When I use the equation:

**(delta)S= (dS/db)(delta b) + (dS/dc)(delta c) + (dS/dA)(delta A)**

and subsequently divide by S, I get:

(delta)S/S= (delta)b/b + (delta)c/c + (cosA/sinA)(delta A)

and at this point I am totally stuck. What happens to the delta A here? And for the cosA/sinA do I use angle A as 45 degrees?

Any help would be fantastic.

Thanks

Re: Total Differential, percentage error

Hey lauramorrison93.

Since you know the angle, you can calculate the delta by using information about the relative error.

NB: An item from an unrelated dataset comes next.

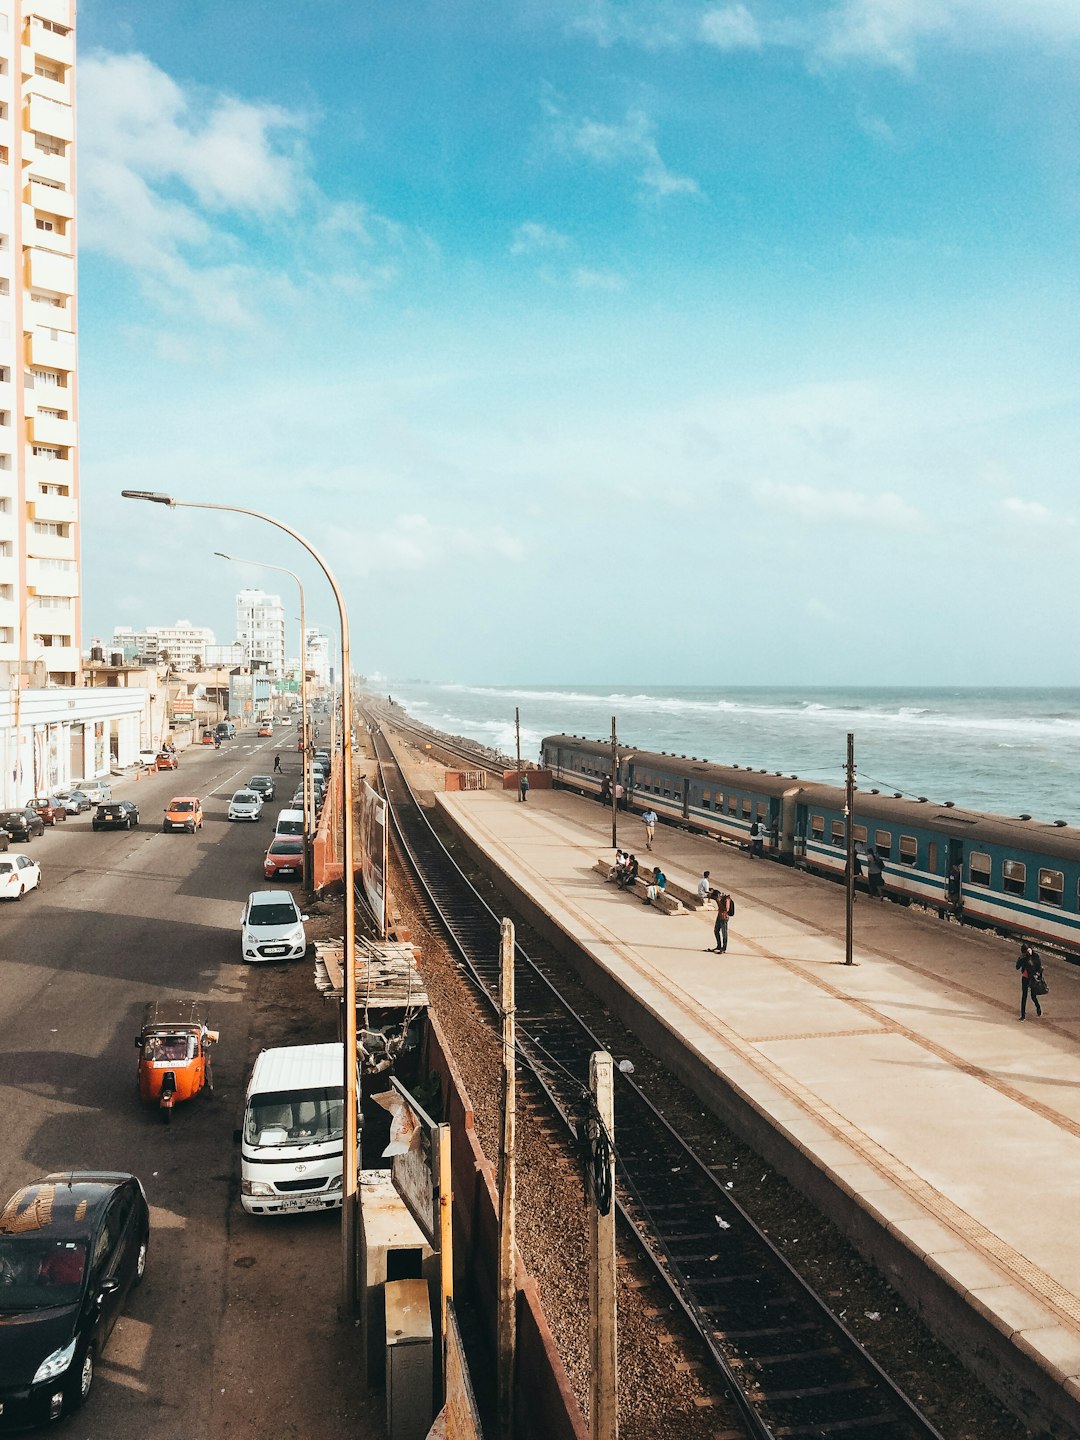 Travel Tips and Stories of Colombo in Sri Lanka

If something is off by 1% at the most then the delta will be 0.01*45*pi/180 (convert to radians) which is 0.007853 which is the value for delta(A) (in radians)

This means we dS/S = 0.01 + 0.01 + 0.007853 = 0.027853 < 0.028 which proves the claim made above.

Re: Total Differential, percentage error

There is, by the way, an engineer's "rule of thumb" that "when measurements are added, errors add. When measurements are multiplied, **relative** errors add. That is because if F= u+ v, dF= du+ dv while if F= uv, dF= udv+ vdu so that $\displaystyle \frac{dF}{F}= \frac{udv+ vdu}{uv}= \frac{du}{u}+ \frac{dv}{v}$. Here. we have S= (1/2)bc sin(A) so that dS= (1/2)(db c sin(A)+ b dc sin(A)+ bc d(sin(A)).

Of course, d(sin(A))= cos(A)dA so dS= (1/2)(db c sin(A)+ b dc sin(A)+ bc cos(A) dA).

Then the "relative error" is $\displaystyle \dfrac{dS}{S}= \dfrac{(1/2)(db c sin(A)+ b dc sin(A) + bc cos(A) dA}{bc sin(A)}= \dfrac{db}{b}+ \dfrac{dc}{c}+ \dfrac{cos(A)}{sin(A)}dA$

You do not need to know the measured values of b and c because they only occur linearly so you only need "db/b= dc/c= .01".